Emergent Community
Parker Blount’s article “The Word of God: A Tale of Two Paradigms” from the June 2012 issue of Sunstone came to my mind while in priesthood meeting a few Sundays ago when one brother told the class that the LDS Church is “a church of repetition.” He seemed pleased by this idea, and the rest of the class, including the teacher, voiced their agreement.
Like the “emergents” Blount writes about, I wish that our interactions in church could go beyond repetition and into conversation. Indeed, I think that this move is at least partially what Jesus was talking about when he warned, “But when ye pray, use not vain repetitions” (Matthew 6:7).
But entering into a vital religious conversation is a lot like walking into a minefield. People’s views on religion are built on a multitude of experiences and interpretations of those experiences, most of which are deeply meaningful to the person and completely invisible to everyone else. To compound the problem, you have a multitude of your own thoughts and experiences that other people are unaware of.
For example, while talking with a friend, I mentioned how frightened I had always been of God. Since he and I shared many similar attitudes toward religion, I assumed he would share this feeling. But instead, he was amazed. “I’ve never thought of God as anything but loving and supportive,” he responded.

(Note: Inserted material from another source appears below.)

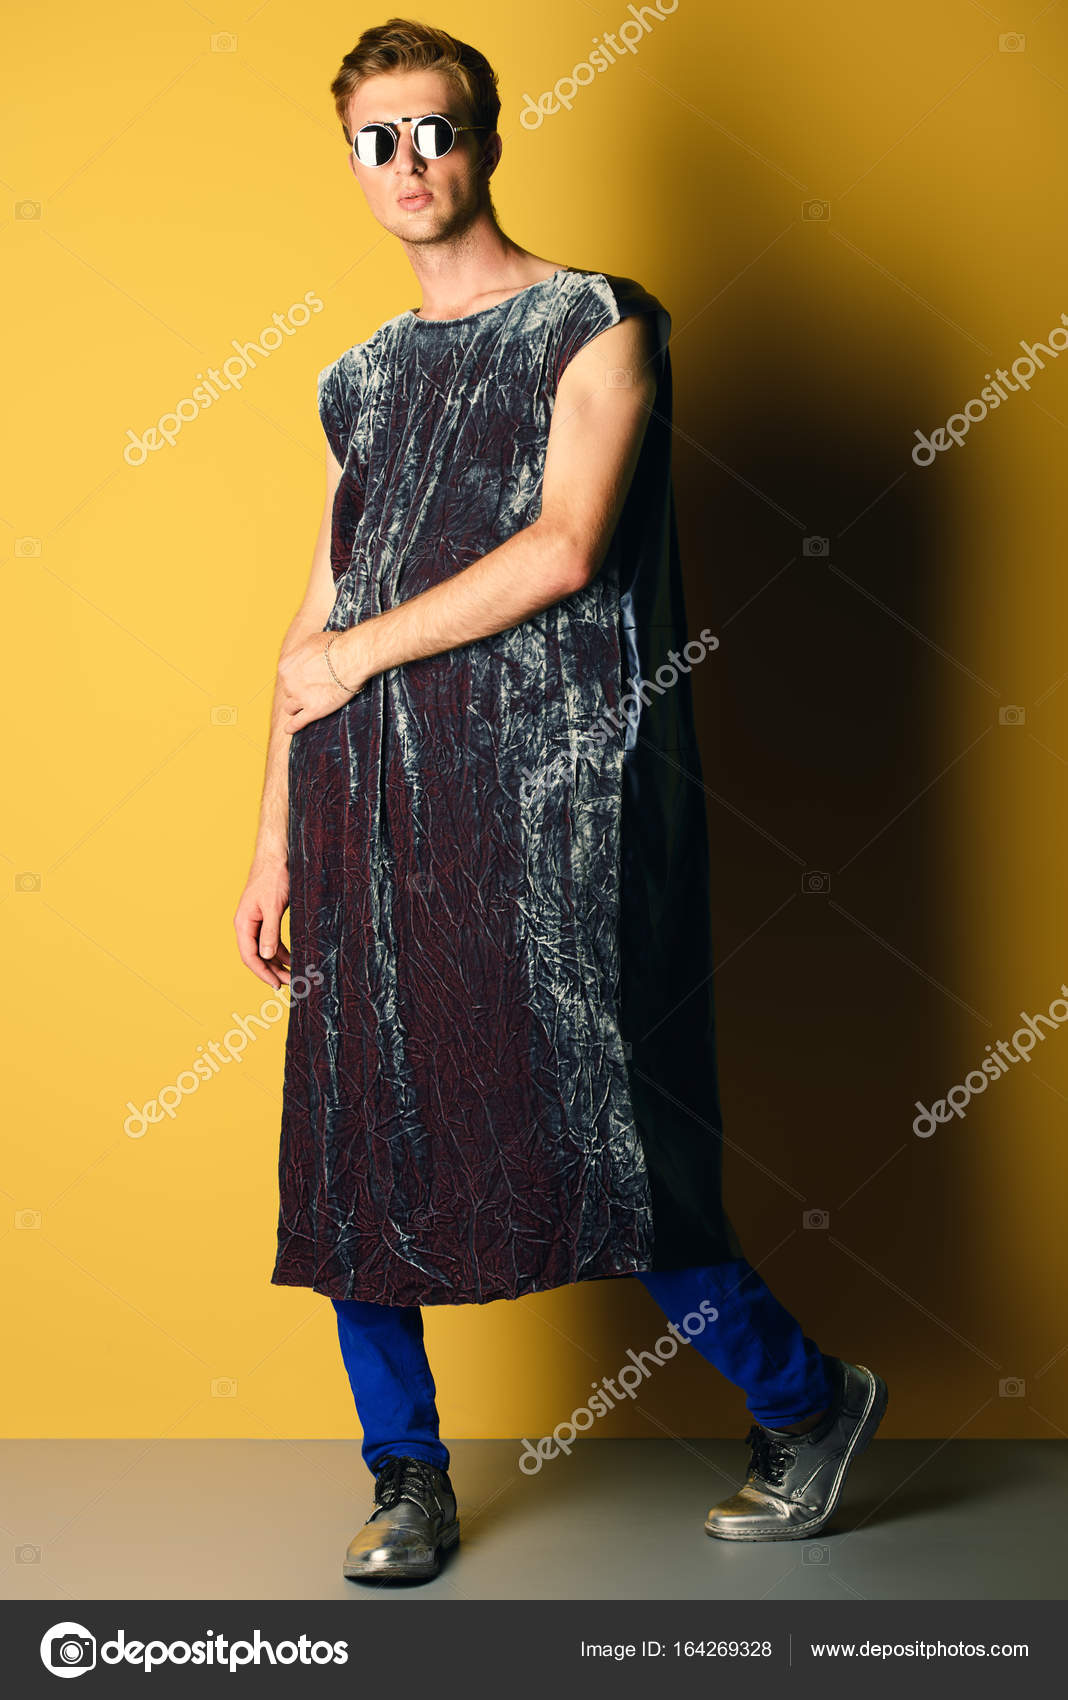 f203240ab4c επώνυμα ρούχα Ανδρικά — Φωτογραφία Αρχείου © prometeus #164269328

It is differences like these that tend to trip up conversation. And if that conversation is trying to achieve a goal, these differences can easily derail it all together. I think this is the reason why the brother in my priesthood class was so willing to accept that we are a church of repetition. If we enter a church classroom aware that there are strict limitations on what you can say (it must stay within the delimitations of the lesson, it must not be speculation, it must have some kind of recent authoritative precedence), then we can affirm the community’s basic rules and teachings without the messiness of encountering the deep differences in each person.
M. Scott Peck wrote about this difficulty in his book The Different Drum: Community Making and Peace, where he argues that if one is trying to build a healthy community, the group will start in pseudo-community (everyone has their happy faces on; they avoid difficult issues) but descend into chaos once differences start to arise. Most groups will respond to the chaos by retreating to the safety of pseudo-community. However, if the group wants to get beyond the chaos, its members must “empty” themselves: of their need to be right, of their ideology, of their need to “convert” or “heal” someone in the group. In other words, they have to let go of most of the things they use to identify themselves. It’s a kind of death.
But out of this death, you receive a community, which Peck describes as “a laboratory for personal disarmament,” and “a group of all leaders,” where the people are egoless, contemplative, and able to “fight gracefully.”
It seems to me that the emergents Blount describes are looking for this kind of community. But apparently the way there is fraught with difficulty—probably more so than what we encounter in the church of repetition. I think it’s still worth a try, though.